Do you need to hire someone to do this? From what I've read online, experts do not agree on this. Should you decide to hire someone for Google Place services, then be sure that they are indeed an expert in this area -- and check what they're charging. It's amazing the scamming going on out there -- and by some very, very "reputable" firms (for instance, charging for duplicate Place submissions despite the fact that Google may well penalize the duplication in the future).

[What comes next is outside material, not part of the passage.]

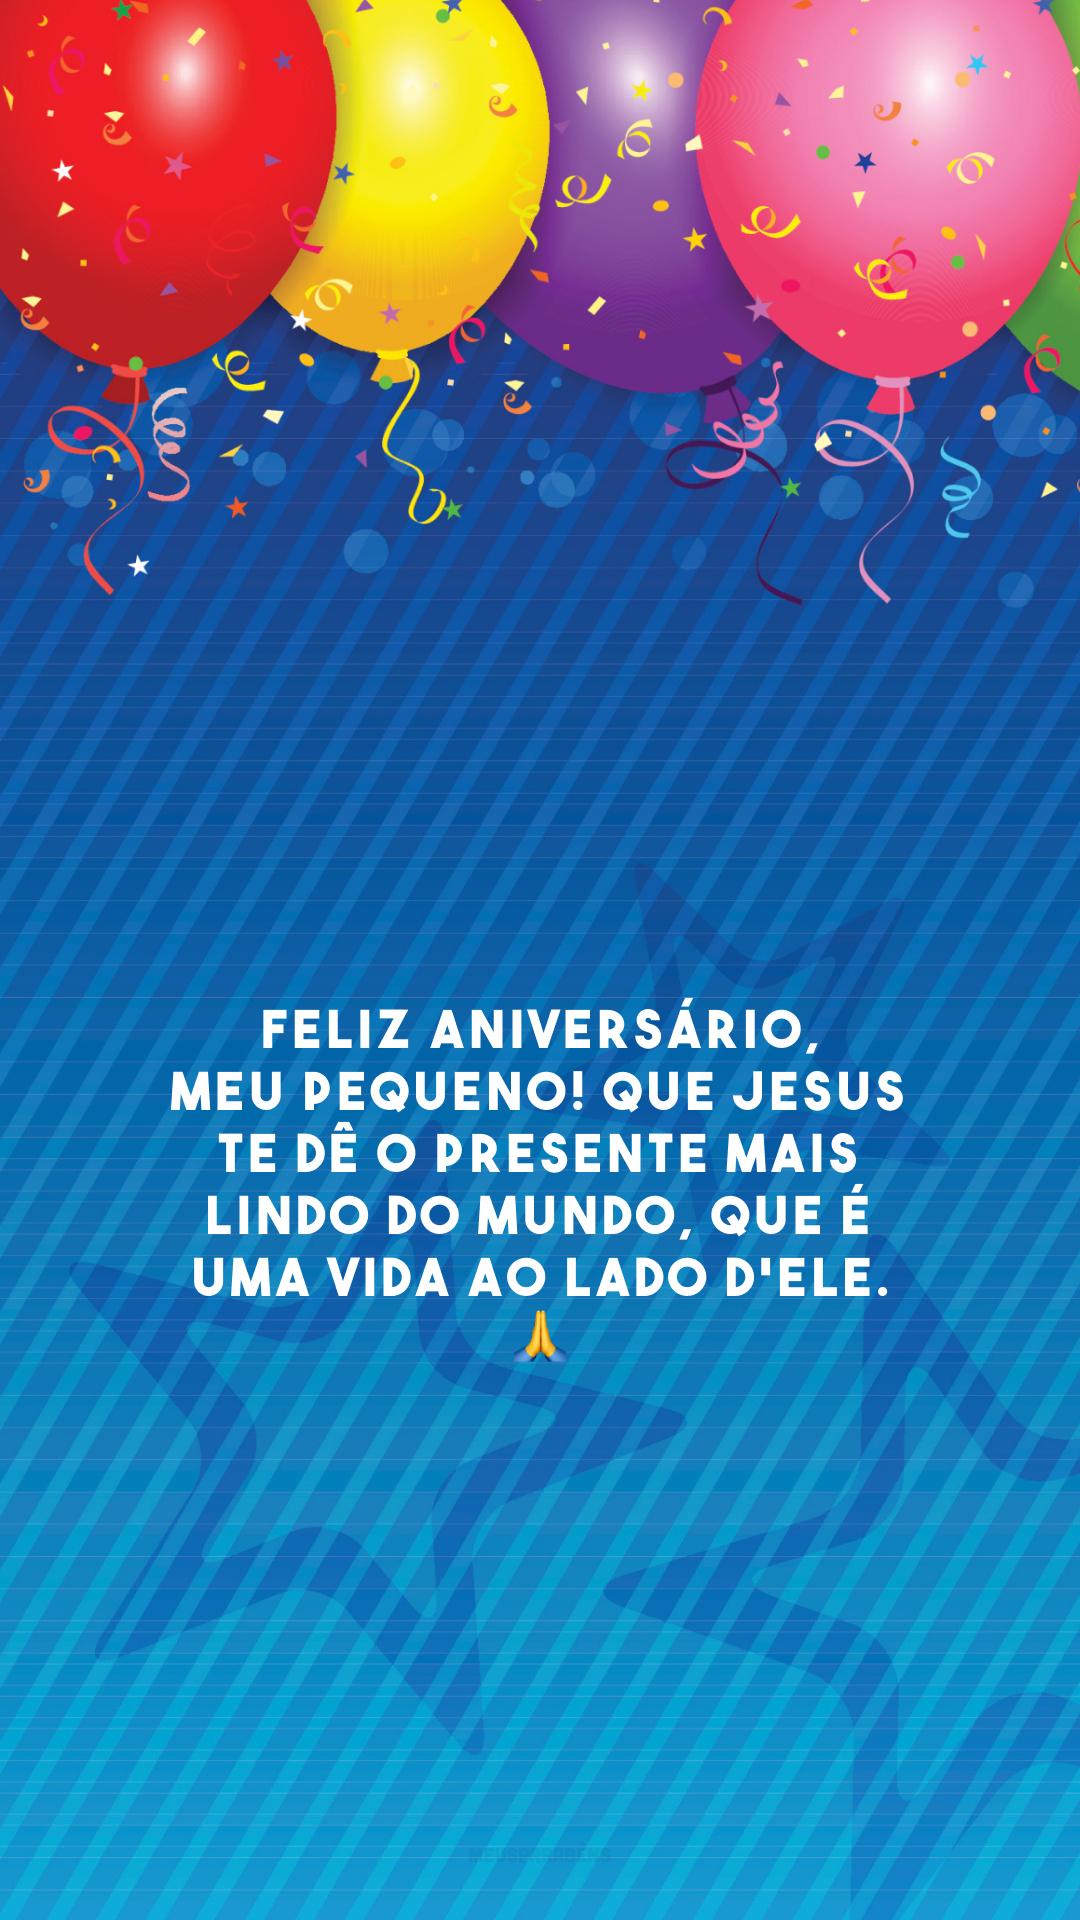 Feliz aniversário, meu pequeno! Que Jesus te dê o presente mais lindo do mundo, que é uma vida ao lado d'Ele. 🙏

What's Really Going On Here? More Money for Google
Google is focusing upon providing localized search results not just because it's considered to be more convenient for the Google user -- Dustin Ruge explains that Google expects Google Places to make it lots of money. According to
Ruge:
Local search is one of the fastest growing categories online and Google now claims that 20% of their search queries are local in nature. Furthering this is the rapid growth in mobile search where Google now claims that over 100 million people conduct maps searches from their mobile devices each month. By 2013, mobile device searches are expected to exceed PC based searches. But Google makes money off the their paid advertising and when local online advertising is expected to grow at 18% compared to only 11% for all online advertising by 2011, it is little mystery why Google is looking to profit from it.
What's the Real Result?
Too soon to tell, I think. Personally, the Place results bug me so much, that I'll switch over to Bing or Yahoo rather than deal with them. Google Places feels manipulative to me as a user, I don't like it.
Second, law firms may need to avoid Google Places as it implements and encourages its review feature. Recently,
Google announced the addition of the HotPot recommendation service to Google Places. In many states,
bar ethic rules prohibit this sort of recommendation service for law firms.
There's probably more fall out. And, here's the thing: Google Places isn't really helpful in finding the best lawyer for the client - because the best attorney for the particular matter isn't necessarily the law office that's closest in proximity.
The real answer for attorneys to Google Places is to find a way to educate the public on this key issue (to the extent that the public doesn't recognize this simple fact already).
For me, that answer online is easy: blog.